Task statement: Without including any images, output the listing below exactly.

Recorded information:
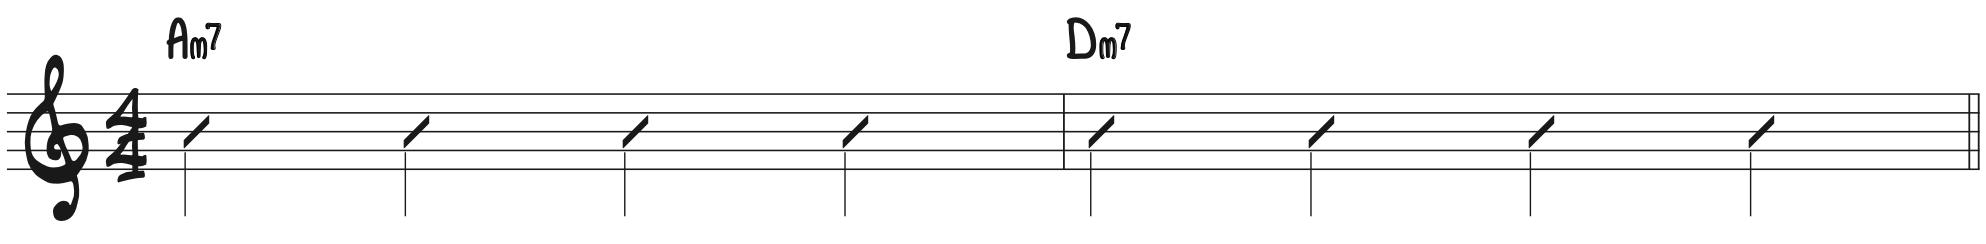 Quarter note melody in rhythmic notation
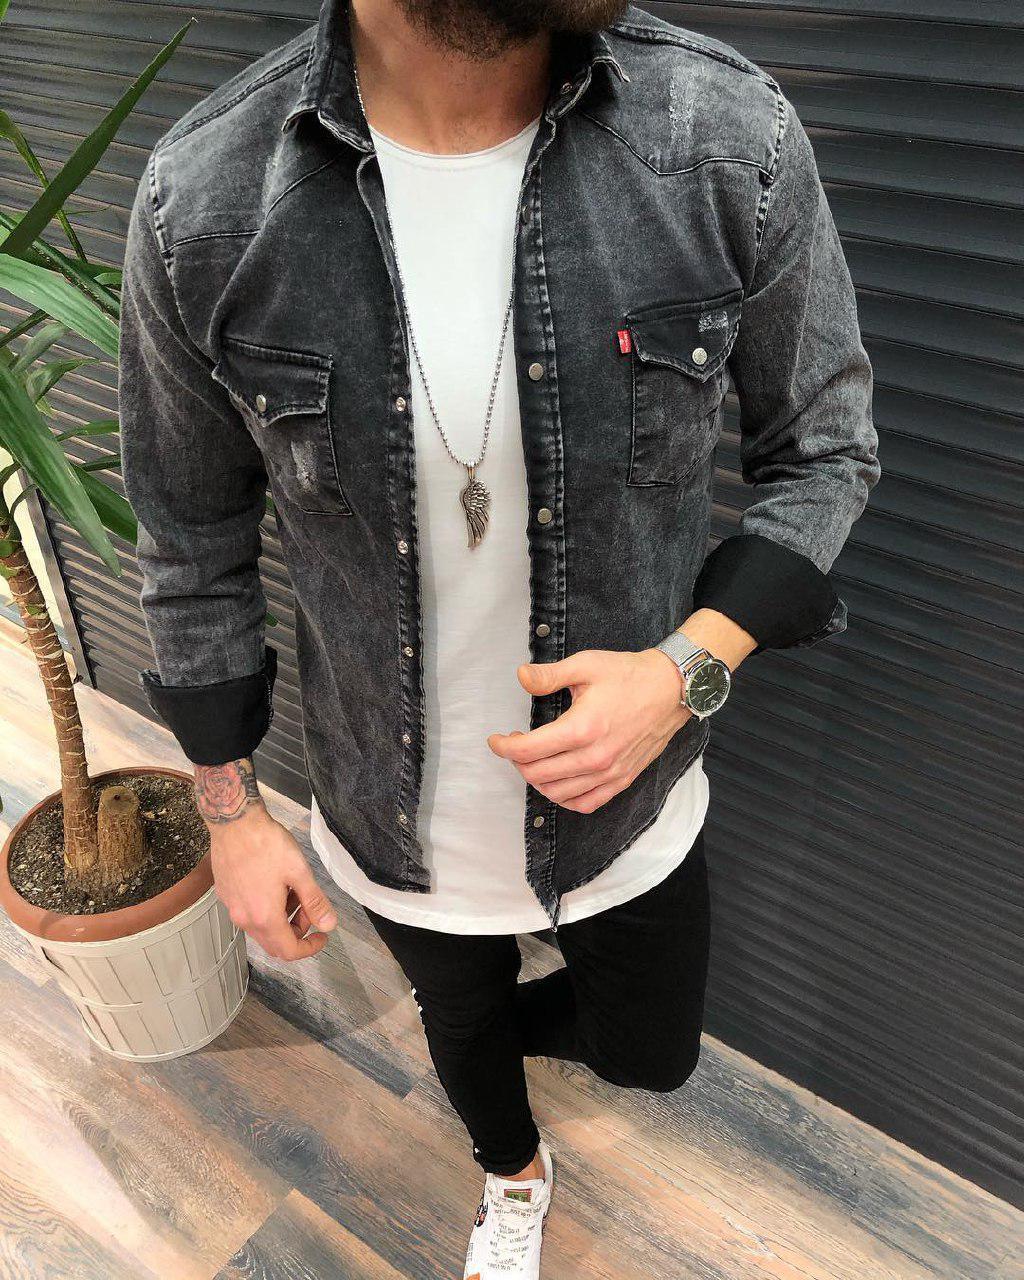 e47e28370ac Мужская темно-серая джинсовая рубашка  продажа
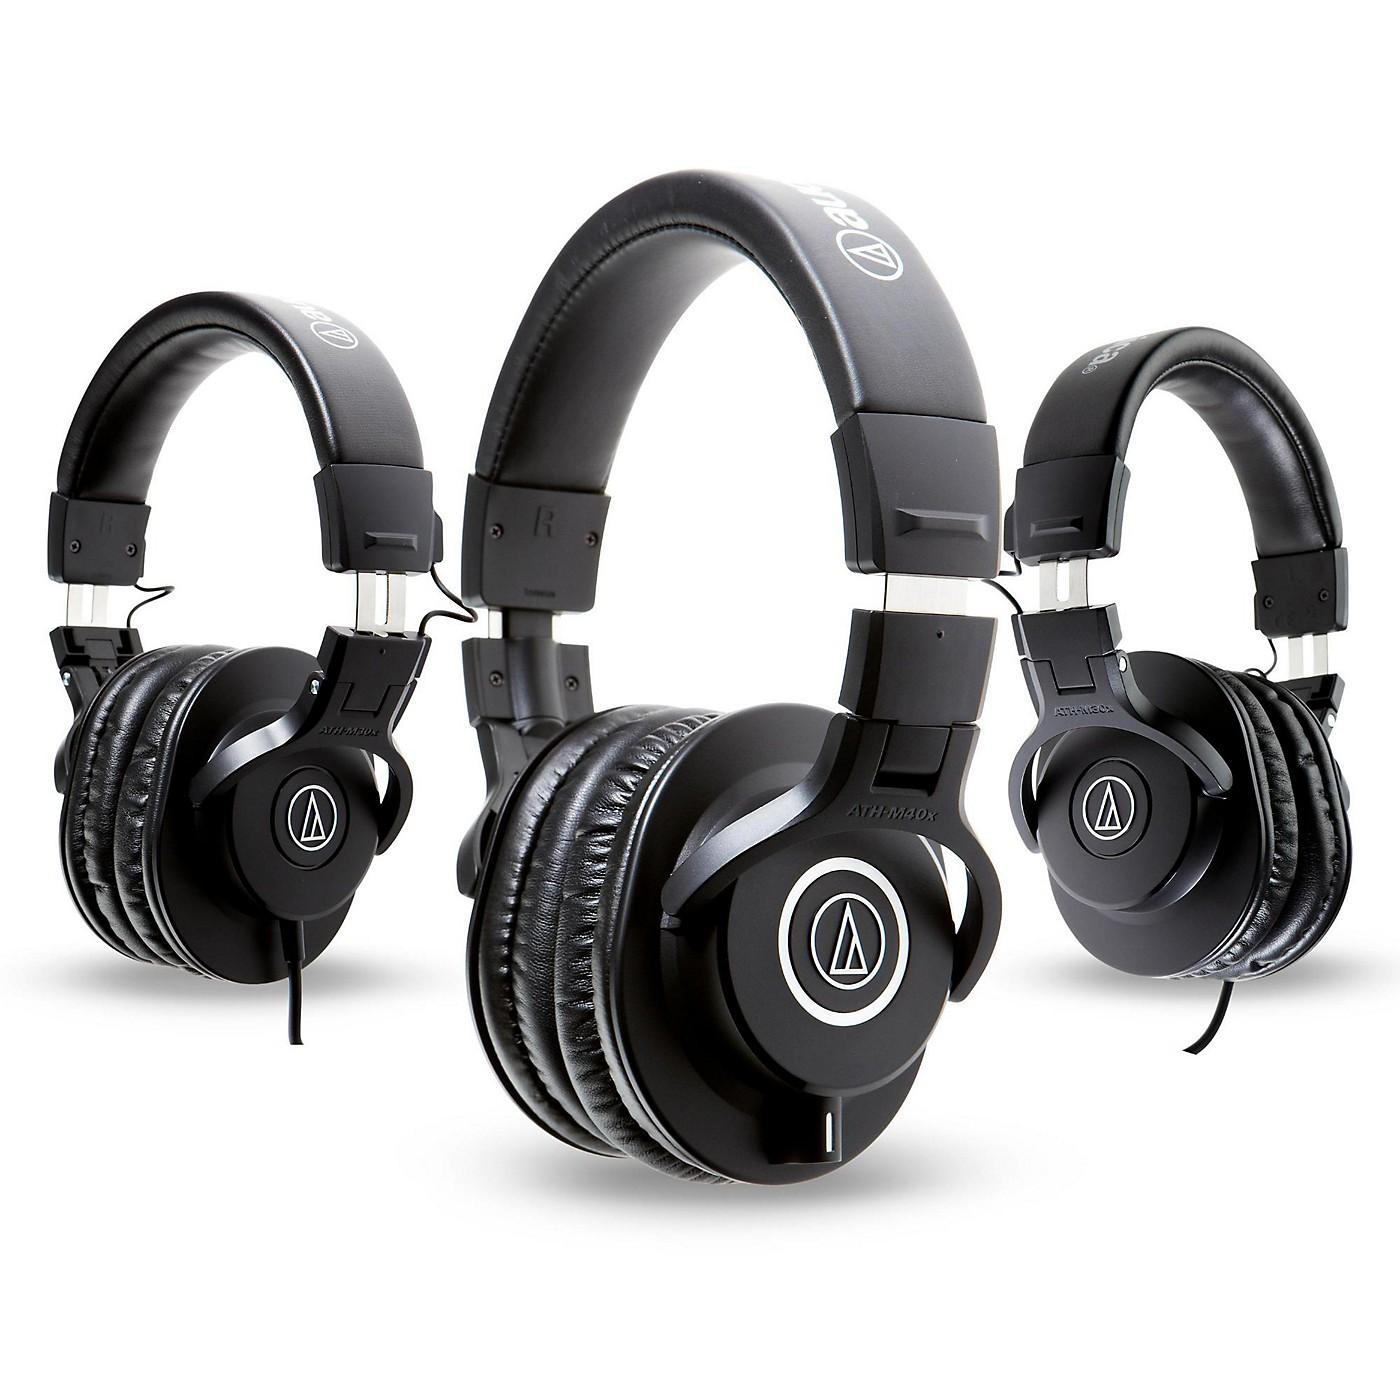 Audio-Technica ATH-M40x Headphones with 2 ATH-M30x Headphones thumbnail

Result of this exercise:
 Quarter note melody in rhythmic notation
 e47e28370ac Мужская темно-серая джинсовая рубашка  продажа
 Audio-Technica ATH-M40x Headphones with 2 ATH-M30x Headphones thumbnail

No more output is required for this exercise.